The pattern of “input bag of binding tuples, evaluate constituent expressions, output bag of binding tuples” has a few exceptions: First, the ORDER BY clause inputs a bag of binding tuples and outputs an array of binding tuples. Second, a LIMIT/OFFSET clause need not evaluate its constituent expression for each input binding tuple. For example a LIMIT 10 clause that inputs an array with 100 binding tuples need not access binding tuples 11-100.

Finally, the SELECT clause is responsible for converting from binding tuples to collections of arbitrary PartiQL elements. The SELECT inputs a bag (or array, if ORDER BY is present) of binding tuples, and outputs the SFW query’s result, which is a bag (resp. array) with exactly one element for each input binding tuple. In the example, the SELECT expressions x and y.a are evaluated once for each of the input binding tuples of \$B_"SELECT"^"in"\$, which in this example happen to be just one binding tuple.

Finally, notice that the above discussion of SFW queries did not capture the set operators UNION, INTERSECT, and EXCEPT. As is the case with SQL semantics too, the coordination of with the set operators requires attention.

In summary, each clause of PartiQL is an operator that inputs/outputs binding tuples. As such, we can (and will) present the semantics of each clause separately from the semantics of the other clauses. This is not the case in SQL: Notably, in the presence of aggregation functions the SELECT, HAVING, and WHERE cannot be interpreted in isolation; they can only be interpreted along with the GROUP BY clause.

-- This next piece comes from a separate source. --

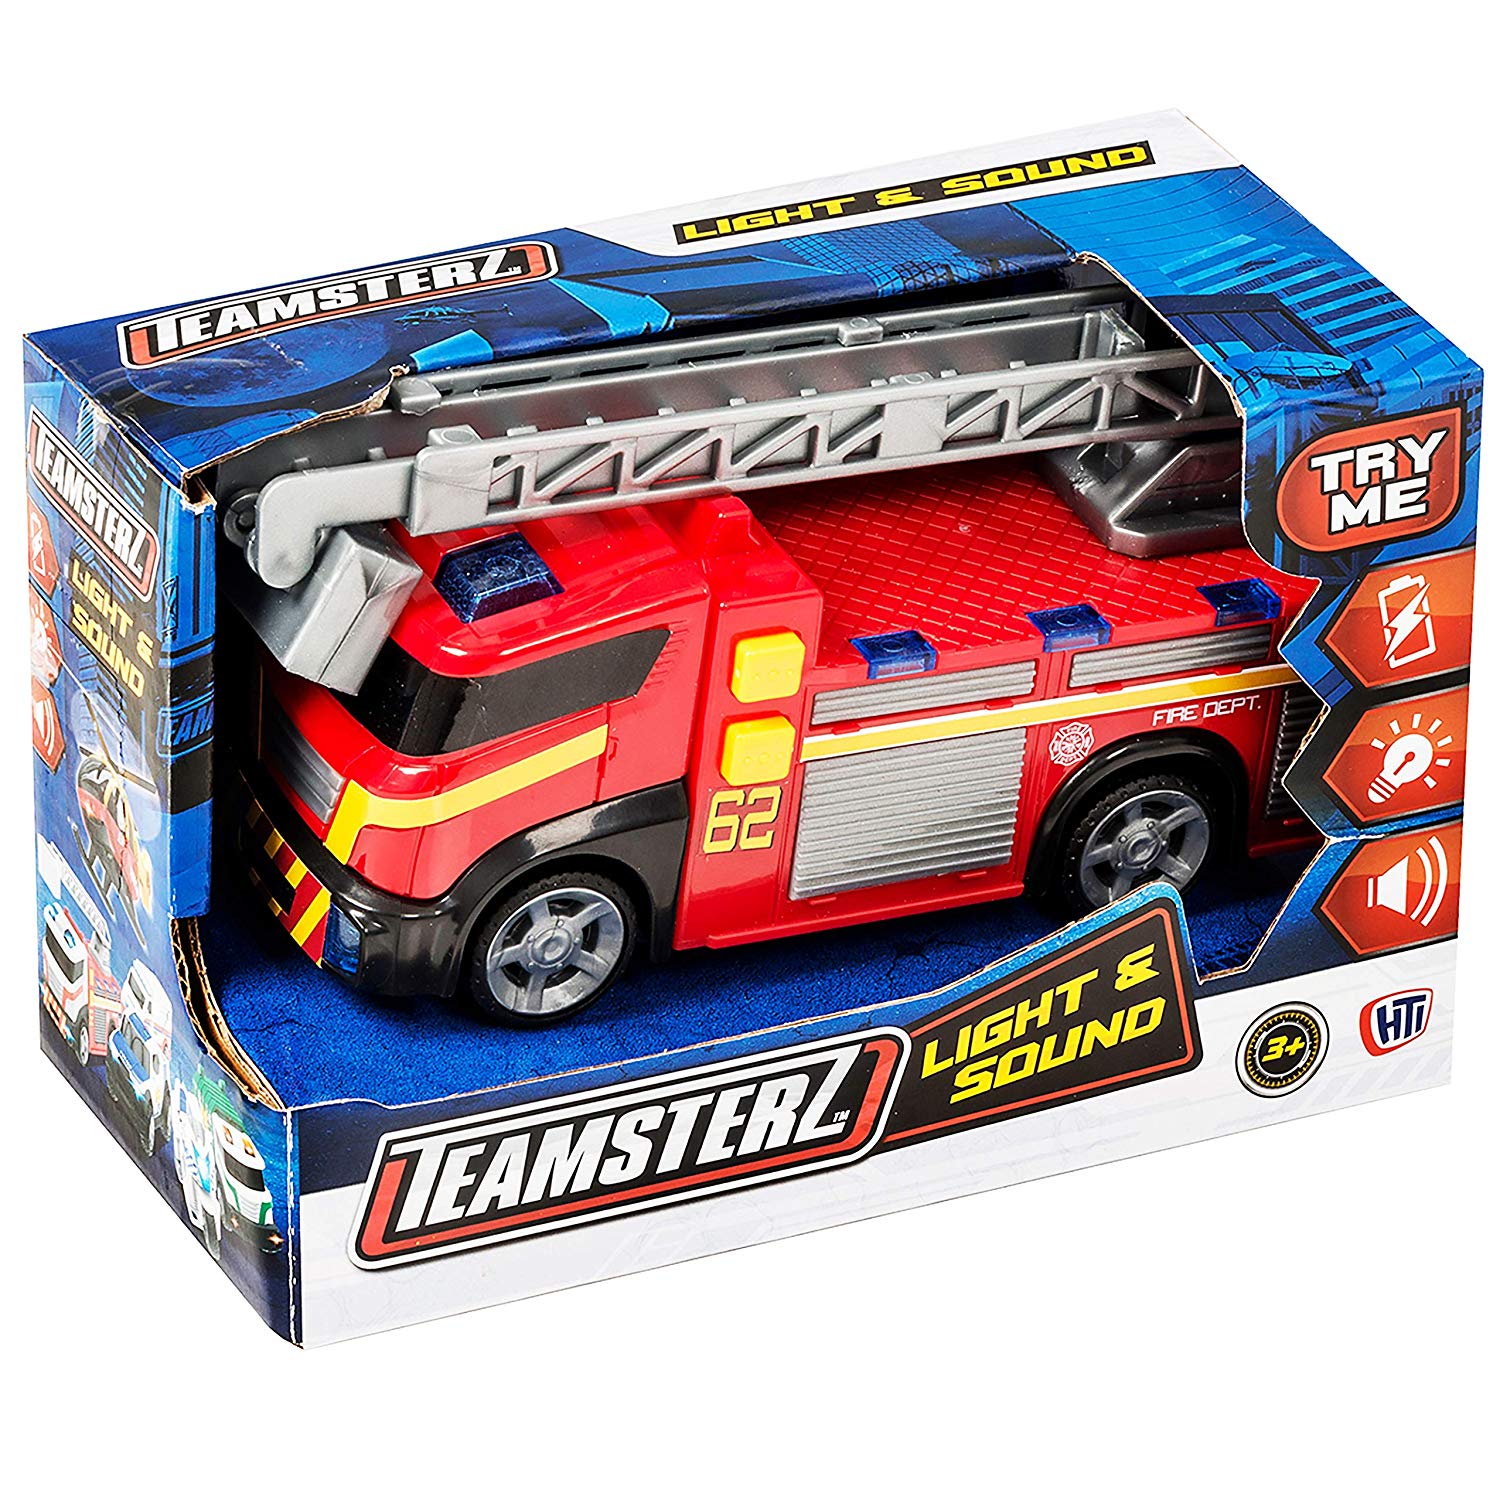 HTI Teamsterz Small Light & Sound Fire Engine

Scoping Rules of Variables

As in any programming language, the PartiQL semantics have to deal with issues of variable scope. For example, how are references to x resolved in the following query:

SELECT x.a AS a
FROM db1 AS x
WHERE x.b IN (SELECT x.c FROM db2 AS x)

Since this is an SQL query and PartiQL is backwards compatible to SQL, it is easy to tell that the x in x.c resolves to the variable defined by the inner query’s FROM clause.

Technically, this scoping rule is captured by the following handling of binding tuples. The inner FROM clause is evaluated with a variables environment \$p = <<x:...>>\$; its x is the one defined by the outer FROM. Then the inner FROM clause outputs a binding \$b = <<x..>>\$; this x is defined by thinner FROM. Then the x.c is evaluated in the concatenation \$p||b\$ and because x appears in both \$p\$ and \$b\$, the concatenation keeps only the x of its right argument. Essentially by putting \$b\$ as the right argument of the concatenation, the semantics indicate that the variables of \$b\$ have precedence over synonymous variables in the left argument (which was the \$p\$).

Generally, given two binding tuples \$b\$ and \$b'\$, their concatenation is a binding tuple, denoted as \$b||b'\$, that has the variable bindings of both \$b\$ and \$b'\$. This creates the possibility that both \$b\$ and \$b'\$ have the same variable \$x\$. In this case, the concatenation \$b||b'\$ will have the \$b'.x\$ and its value; it will not have the \$b.x\$ and its value.

Note, the above does not resolve scoping issues resulting from conflicts between the database environment and the variables environment. We resolve these conflicts by explicit rules.

1. PartiQL also supports a syntax improvement where SELECT is optionally written as the last clause since, anyway, that’s the proper way to read an SQL query.